In concluding the analysis, multiple regressions were employed to analyze data on variables such as money supply, interest rate, financial deepening and gross domestic product. They were all found to have marginal impact on the economic growth of Nigeria.

The study shows further, the aims and objectives of monetary policy, which includes price stability, maintenance of balance of payment equilibrium, full employment and economic growth. In summary, the study found marginal impact on growth due to change in monetary policy application.

The study recommends that to fasten up the rate of growth of the Nigerian economy, the government needs to initiate and push forward effective and efficient monetary policy measures via money supply, interest rate

and financial deepening in order to adequately stabilize prices, reduce poverty and inequality there by encouraging holistic macroeconomic growth.

Introduction

1.1 Background of the Study

Monetary policy is one of the macroeconomic instruments with which nations (including Nigeria) do manage their economies, Ajie and Nenbe, (2010).

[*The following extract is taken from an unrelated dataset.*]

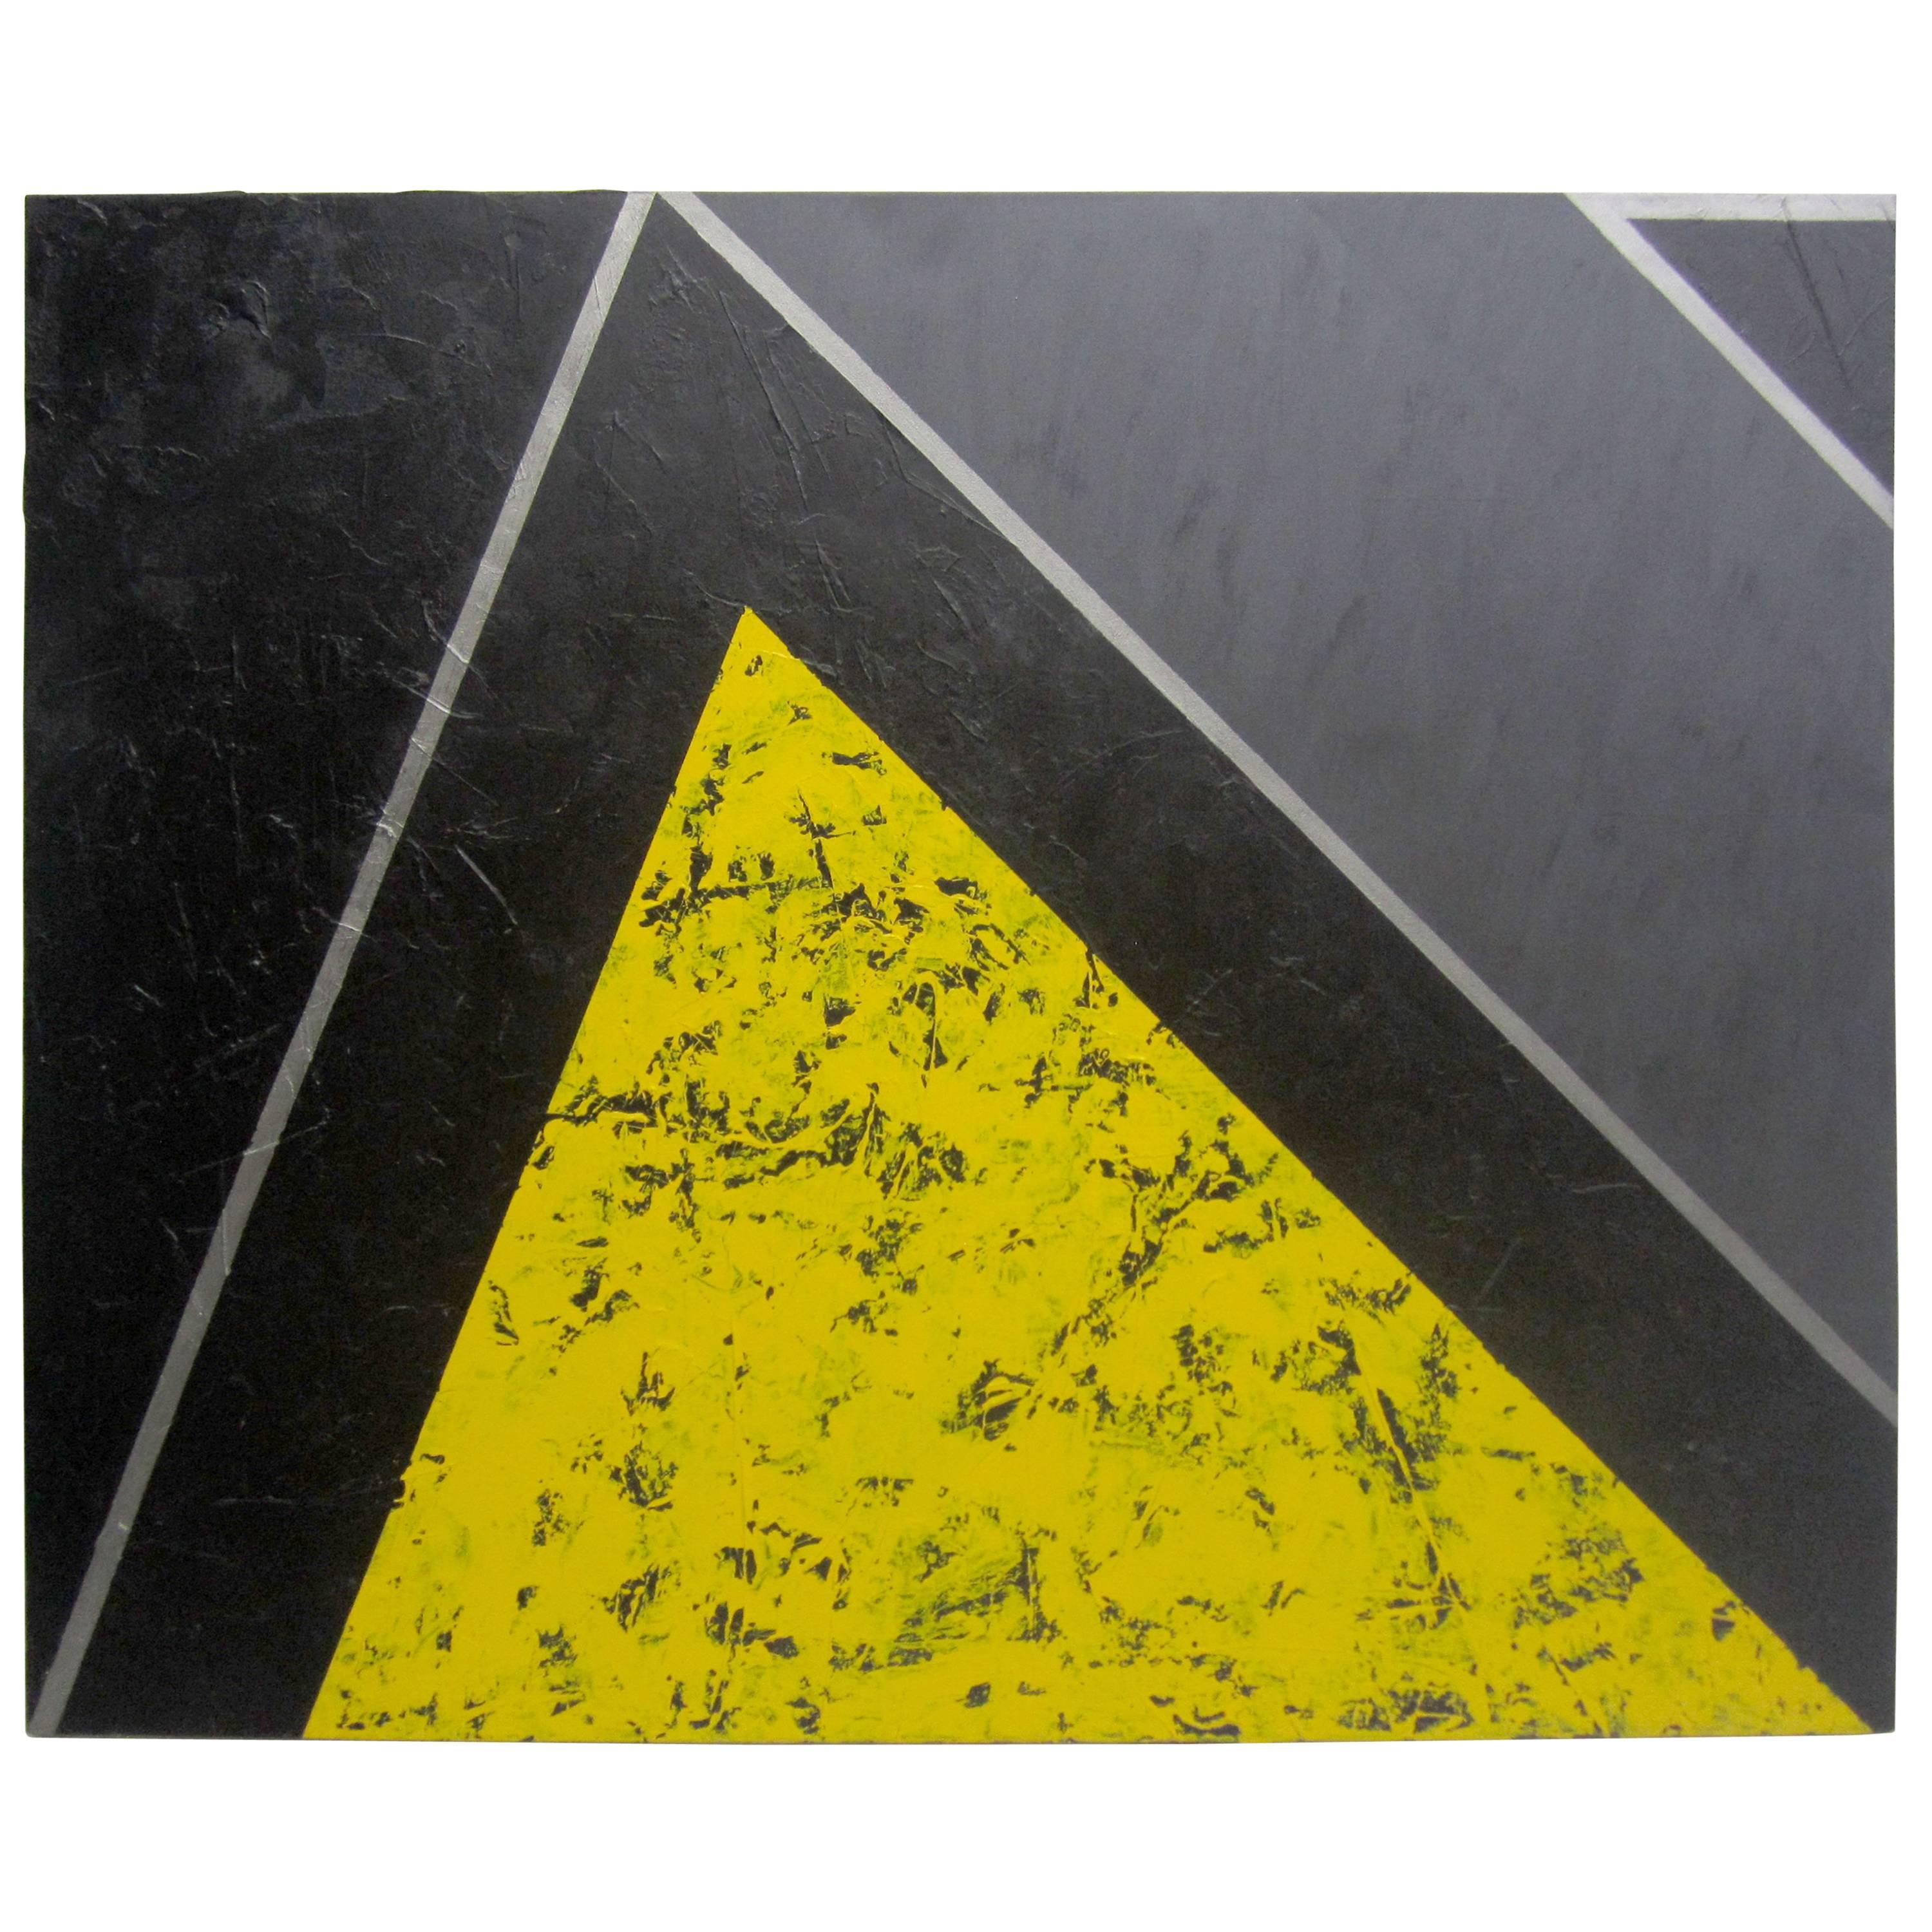 Yellow, Black and Silver Painting "The Mountain" by Gerald Campbell

According to Ubi, et al (2012), monetary policy is an aspect of macroeconomics which deals with the use of monetary instruments designed to regulate the value, supply and cost of money in an economy, in line with the expected level of economic activity.

It covers gamut of measures or combination of packages intended to influence or regulate the volume, prices as well as direction of money in the economy per unit of time.

Specifically, it permeates all the debonair efforts by the monetary authorities to control the money supply and credits conditions for the purpose of achieving diverse macroeconomic objectives.

In Nigeria, the responsibility for monetary policy formulation rests with the Central Bank of Nigeria (CBN) and the Federal Ministry of Finance (FMF), Ajie and Nenbe, (2010); Ajayi and Atanda, (2012); Abata et al., (2012).

In Nigeria as in other developing countries, the objectives of monetary policy include full employment, domestic price stability, adequate economic growth and external sector stability.

The supplementary objectives of monetary policy include smoothening of the business cycle, prevention of financial crisis and stabilization of long term interest rates and real exchange rate, Mishra and Pradhan, (2008).

In pursuing these objectives, the CBN recognizes the existence of conflicts among the objectives necessitating at some points some sort of trade-offs Uchendu, (2010).

The Bank manipulates the operational target (monetary policy rate, MPR) over which it has substantial direct control to influence the intermediate target (broad money supply, M2) which in turn impacts on the ultimate objective of price stability and sustainable economic growth, Okafor, (2009); Uchendu, (2009).